4.2.5. Application of Network Prior in Single-Photon Image Reconstruction Results in Laboratory Experiments

Application of ±1 binary matrix used in simulation training in a single-photon imaging system in the laboratory. Applications 1 and −1 are converted to 0, respectively, and the subtraction of the measurement values applied on DMD is used as the actual measurement value Y. MR = 0.05, 0.1, 0.3, 0.4 are selected as the low measurement rate, and three images are reconstructed. Specifically, it should be noted that the mask on the template is slightly different from the actual original image in terms of angle, scaling, and padding. In order to ensure the rigor of this experiment, the well-reconstructed image at a sampling rate of 0.9 is used as the input image for prior reconstruction, and the reconstructed images are compared with the input image by calculating the PSNR.

The reconstruction results are shown in Figure 13 and Figure 14, and the gradient during this experiment is shown in Figure 15. In addition, when comparing the results of Figure 13 and Figure 14 with those of Figure 10 and Figure 11, we found that the reconstruction results are better at lower MR when the actual measurement value Y of single-photon reconstruction is applied to binary matrix reconstruction.

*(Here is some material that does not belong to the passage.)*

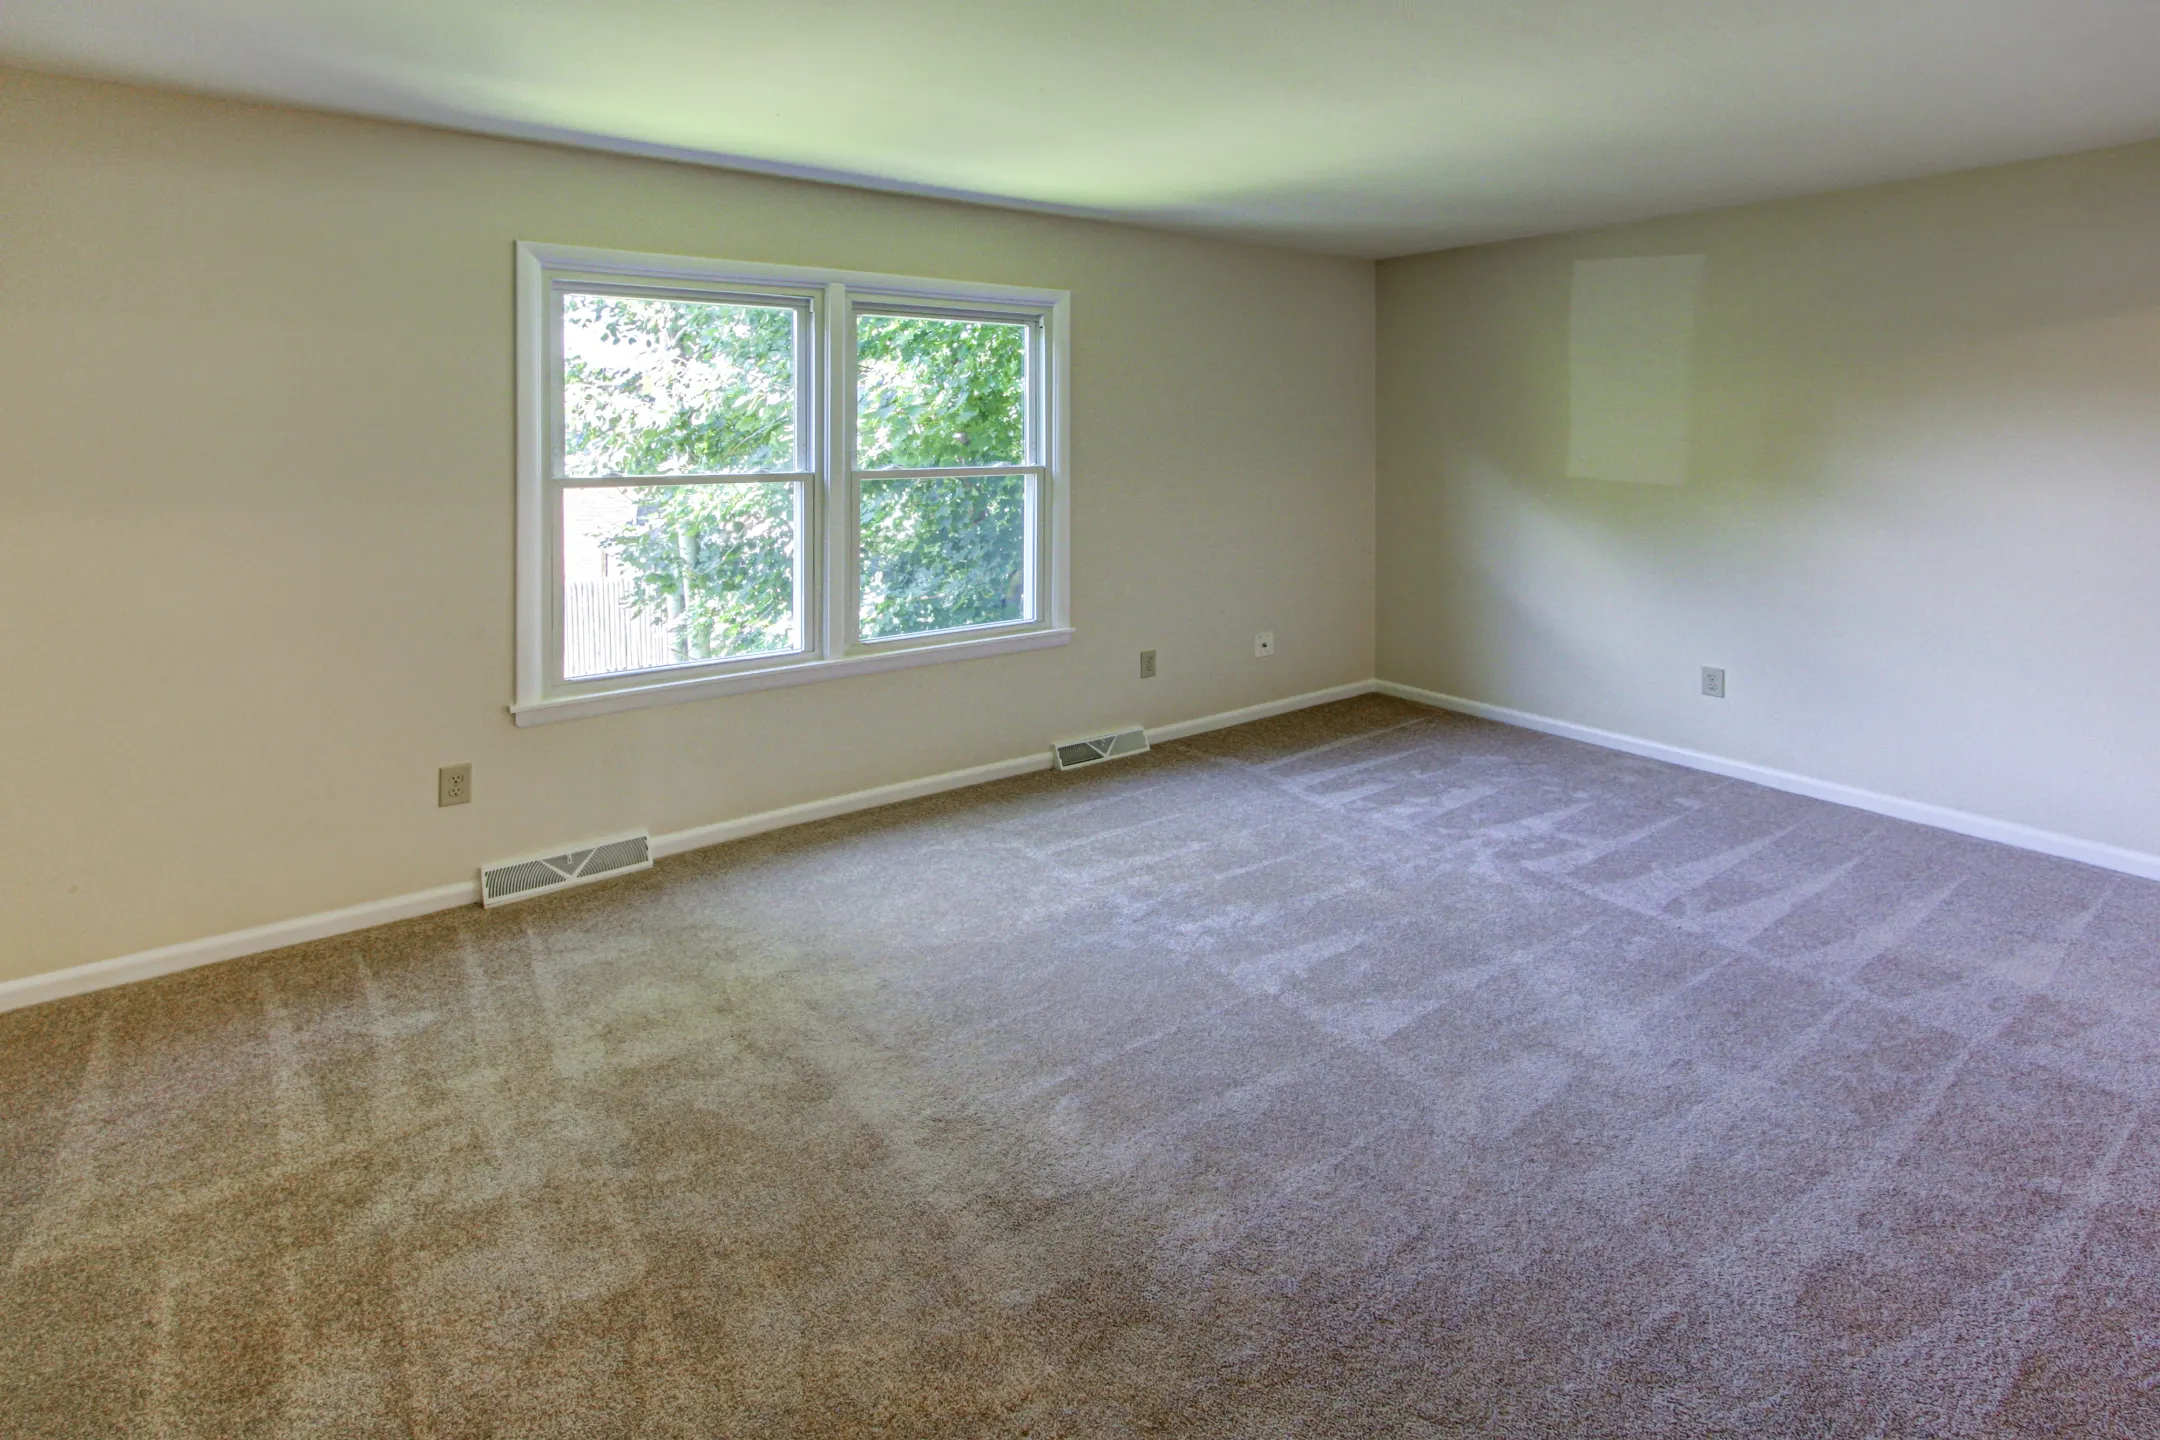 Living Room - Presidential Townhome Rentals - Guilderland, NY

Although the reconstruction effect was slightly worse at MR = 0.3 compared to the previous simulation experiment, the prior reconstruction method had a better reconstruction effect at lower MR. This indicates that the SAE prior reconstruction method is more competitive at low measurement matrix sampling rates and performs better in real experiments at low sampling rates than in simulation experiments.

5. Conclusions

We propose a new sparse autoencoder network prior for the single-pixel image reconstruction. Unlike traditional prior information, this method uses the trained results of the sparse autoencoder network as the prior for the image reconstruction, and we demonstrate that SAE prior transforms sparsity constraints of the prior terms into contour similarity constraints, effectively optimizing the role of prior terms in the reconstruction process. Experimental results show that this method is more suitable for images with distinct features, such as MNIST images and FACE images, and has significant advantages in reconstructing single-photon images. Compared with the traditional one-norm prior and TVAL3, the proposed sparse autoencoder network prior outperforms the traditional one-norm prior when using matching prior sampling rates and reconstruction measurement rates in single-channel prior, and the reconstruction quality of the multi-channel prior is superior to one-norm prior at any measurement rates when adjusting the weight settings, effectively improving the reconstruction quality and flexibility while maintaining the cost of computation at a similar level with one-norm prior. Furthermore, the performance of our SAE prior is significantly competitive when MR is low compared to the TVAL3. Therefore, it is suitable for various scenarios and has broad development prospects. However, the disadvantage is that it has poor generalization ability and is unable to effectively reconstruct natural images with less obvious features under low sampling rates.